Dalam penyimpanan, batubara menurun mutunya karena oksidasi suhu rendah, terutama akibat pelapukan dan penanganan (handling). Apabila kecepatan oksidasi tinggi dan penyimpanan buruk, dapatlah terjadi pembakaran dengan sendirinya.
Faktor yang mempengaruhi turunnya mutu batubara sebagai akibat oksidasi di antaranya ialah : tingkat mutunya, luas permukaannya dan harga kritik.
Kecepatan oksidasi batubara berbanding terbalik dengan tingkat mutunya. Yang berkandungan zat terbang, jadi bermutu rendah berkecepatan oksidasi tinggi; sebaliknya yang berkandungan zat terbang rendah, jadi bermutu tinggi berkecepatan oksidasi rendah. Sampai sekarang memang belum didapatkan hubungan kuantitatif yang pasti antara tingkat mutu batubara dengan kecepatan oksidasi. Hal ini disebabkan oleh berbagai pengukuran dan penafsiran data.
Batubara berbitumen dalam keadaan baku sudah pernah diteliti hubungannya antara keteroksidasiannya (dinyatakan dengan “k”, konstanta kecepatan reaksi) dengan persentasi karbonnya.

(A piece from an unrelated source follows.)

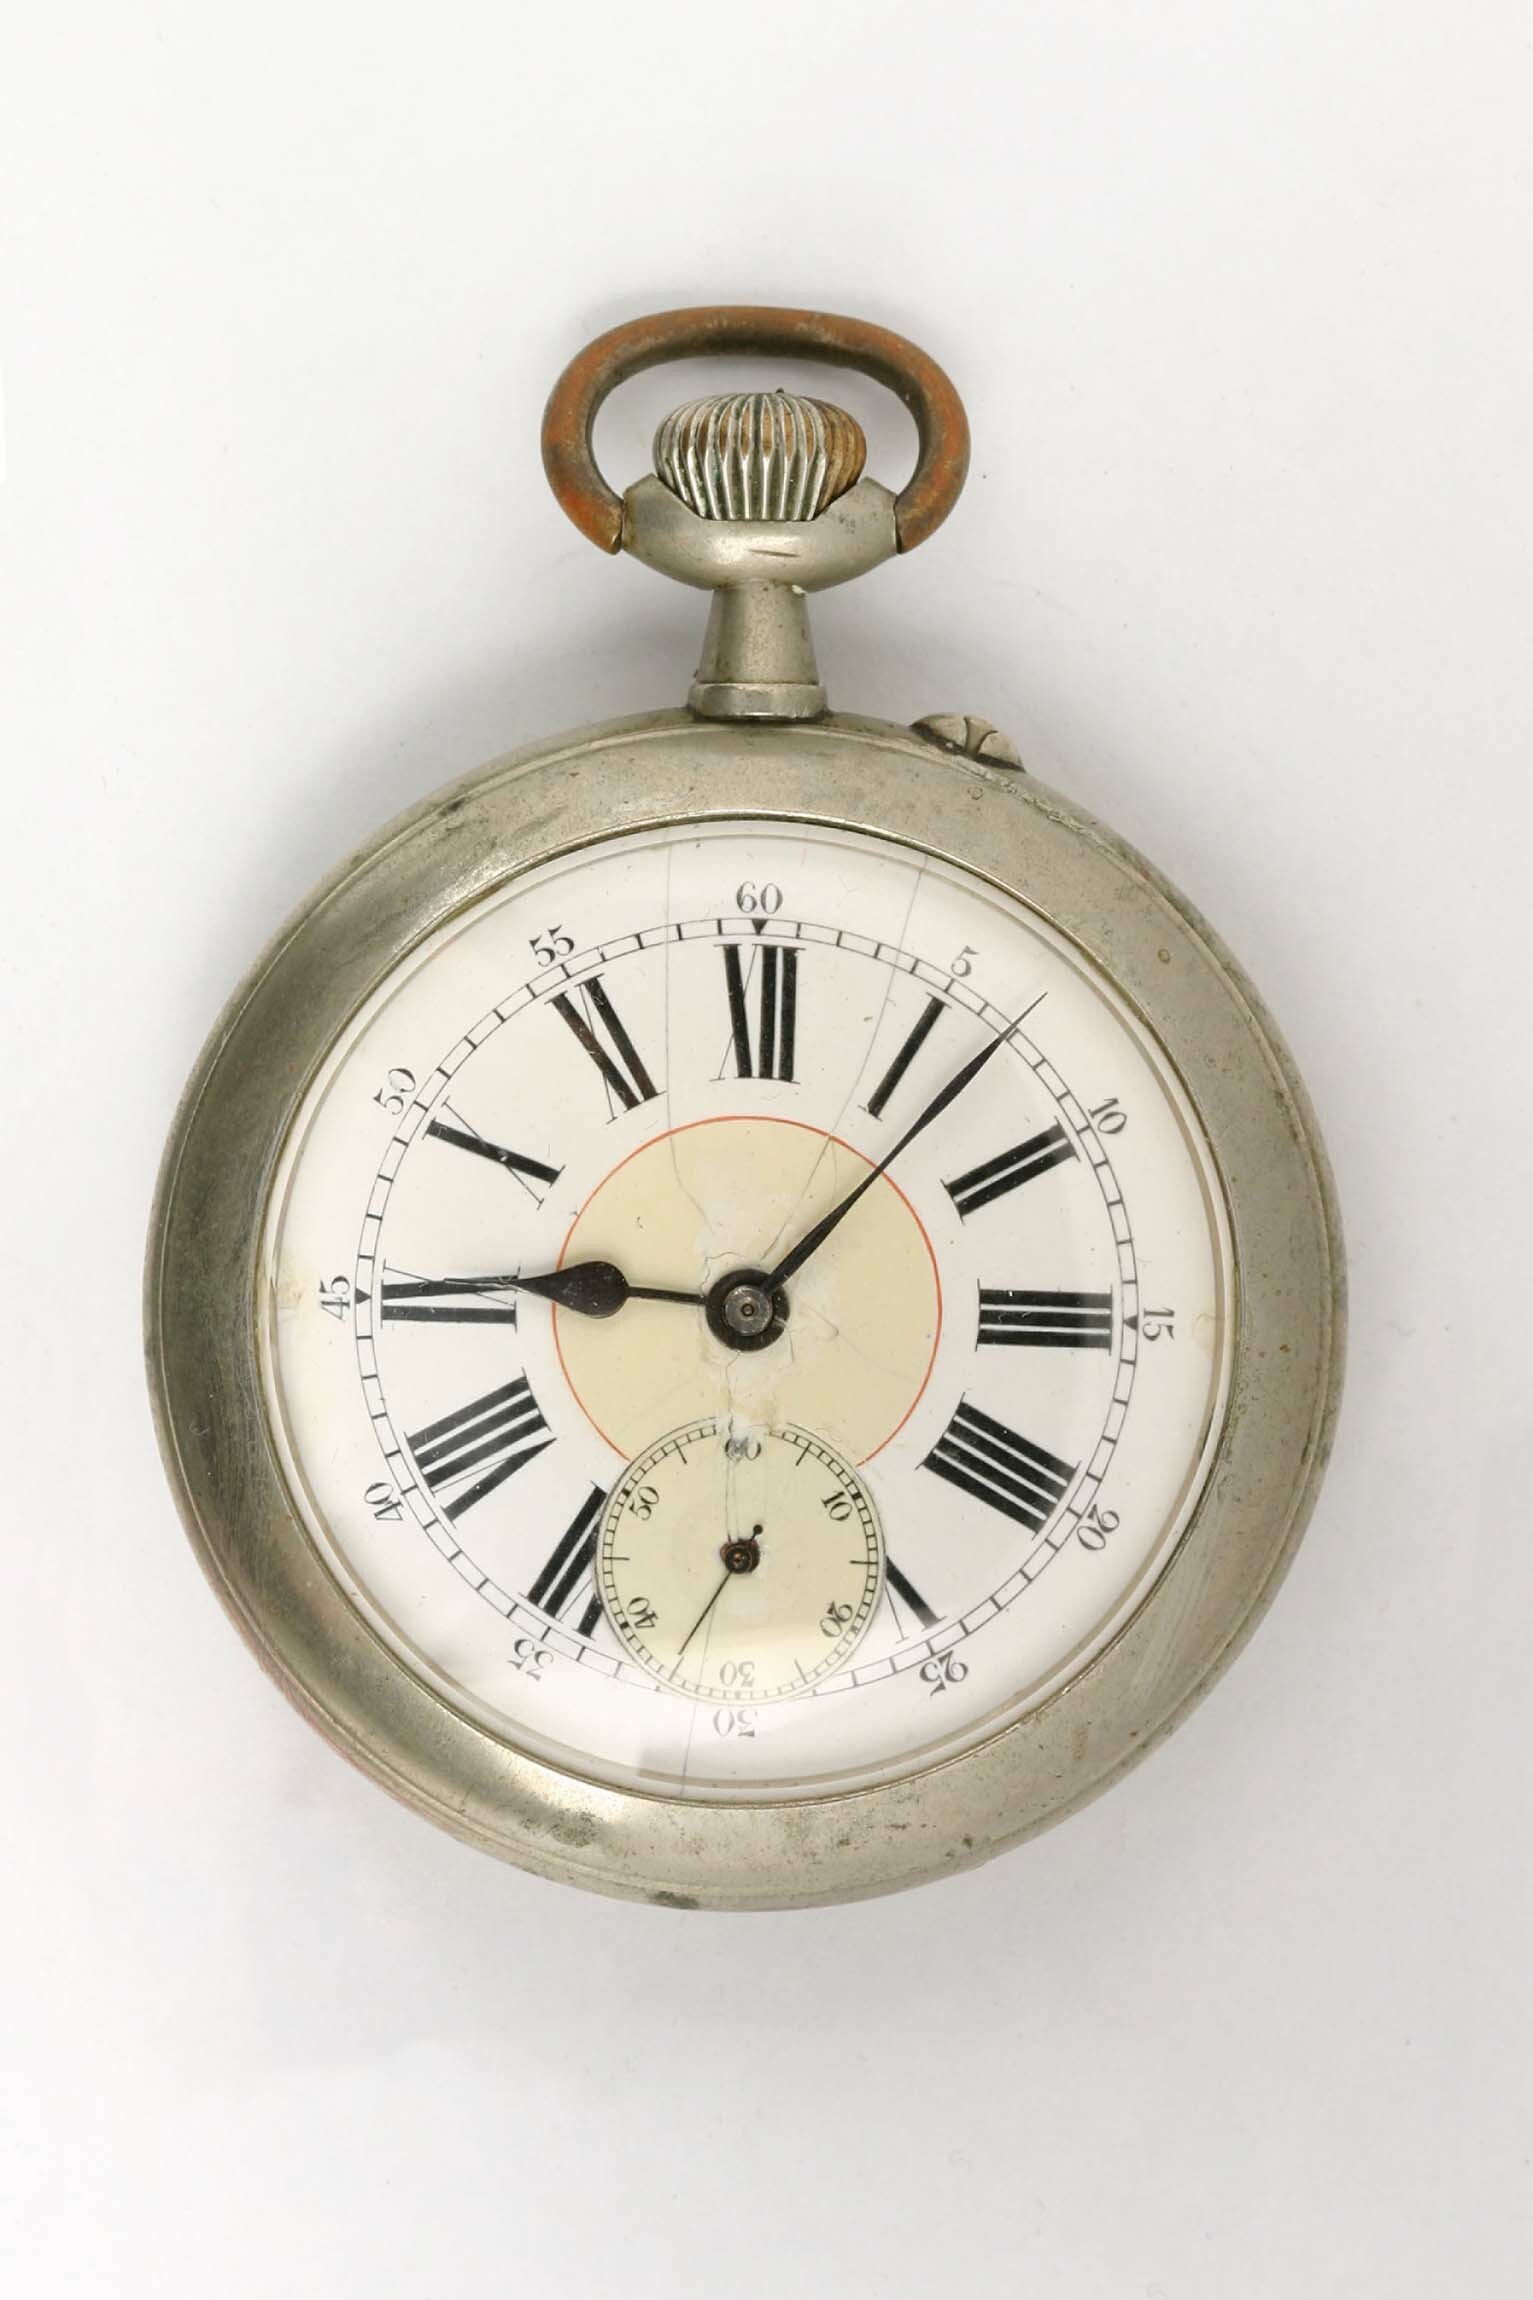 Taschenuhr, Doxa SA, Le Locle (Schweiz), um 1910 (Deutsches Uhrenmuseum CC BY-SA)
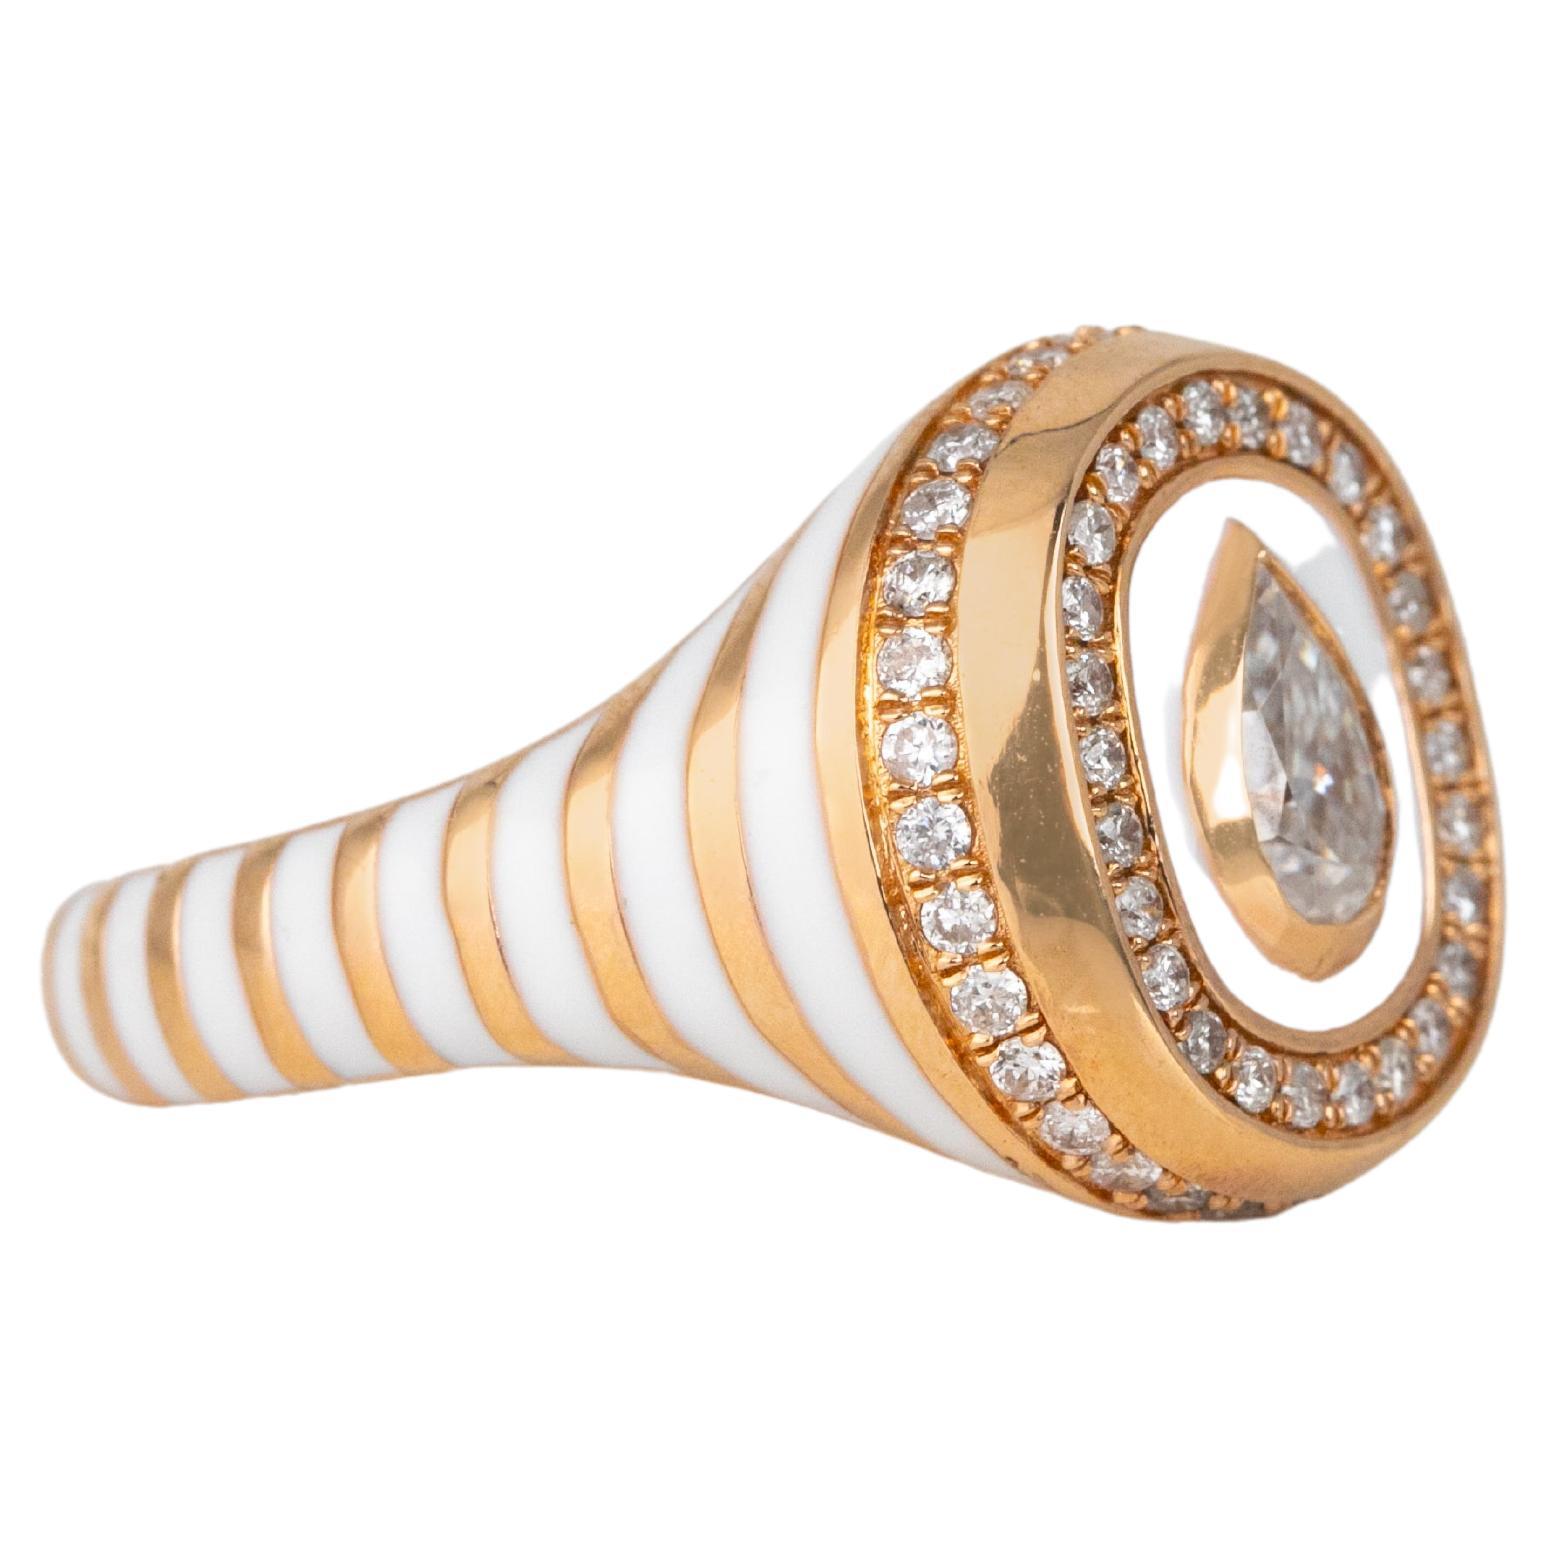 For Sale:  14K Gold 0.50 Ct Moissanite & Diamond Enameled Cocktail Ring, Chevalier Ring 2

Banyaknya karbon ditentukan dengan analisa umur.

Tabel Hubungan antara keteroksidasian batubara dengan persentasi karbon

Keteroksidasian (k x 103)
Karbon (%)
80
33
18
13
7
80
82
84
86
88
(Sumber : Berita PPTM No. 9 Th. 3, Desember 1979)

Hubungan antara keteroksidasian dan persentasi karbon pada batubara dengan tingkat mutu yang rendahdapat diperoleh dengan cara eksttrapolasi.
Kecepatan oksidasi bertambah dengan bertambahnya luas permukaan, atau dengan kata lain, dengan berkurangnya batubara batangan (lumps) atau  ukuran partikel. Orang juga belum menemukan hubungan yang pasti antara luas permukaan dengan kecepatan oksidasi. Ynag pernah diselidiki ialah hubungan antara menurunnya nilai kalor dan lamanya waktu pwnyimpanan. Menuurut Fuel Research Board untuk batubara dari Forest of Dean (Inggris) batubara berukuran anatara 5 - 7½ cm yang disimpan setahun, penurunan nilai  kalornya mencapai 0,11% dan angka itu naik lebih kecil lagi. Jadi yang luasnya makin besar angka penurunan itu juga membesar. Menurut penulis, partrikel batubara bergaris tengah 0,006 cm yang disimpan setahun menurun  nilai kalornya sebesar 1,8% dan 3,0% dalam dua tahun.
Oksidasi menimbulkan panas. Panas itu dapat berkurang karena adanya peranginan. Akibat panas yang timbul dengan pengurangan oleh perangin suhu masa, batubara pun naik. Apabila kenaikkan suhu tidak melebihi harga kritik, pembakaran dengan sendirinya tidak terjadi. Jika harga itu terlampaui, batubara terbakar dengan sendirinya. Harga kritik itu bervariasi dari sekitar 50o C untuk lignit, sampai sekitar 80o C untuk batubara bitumen.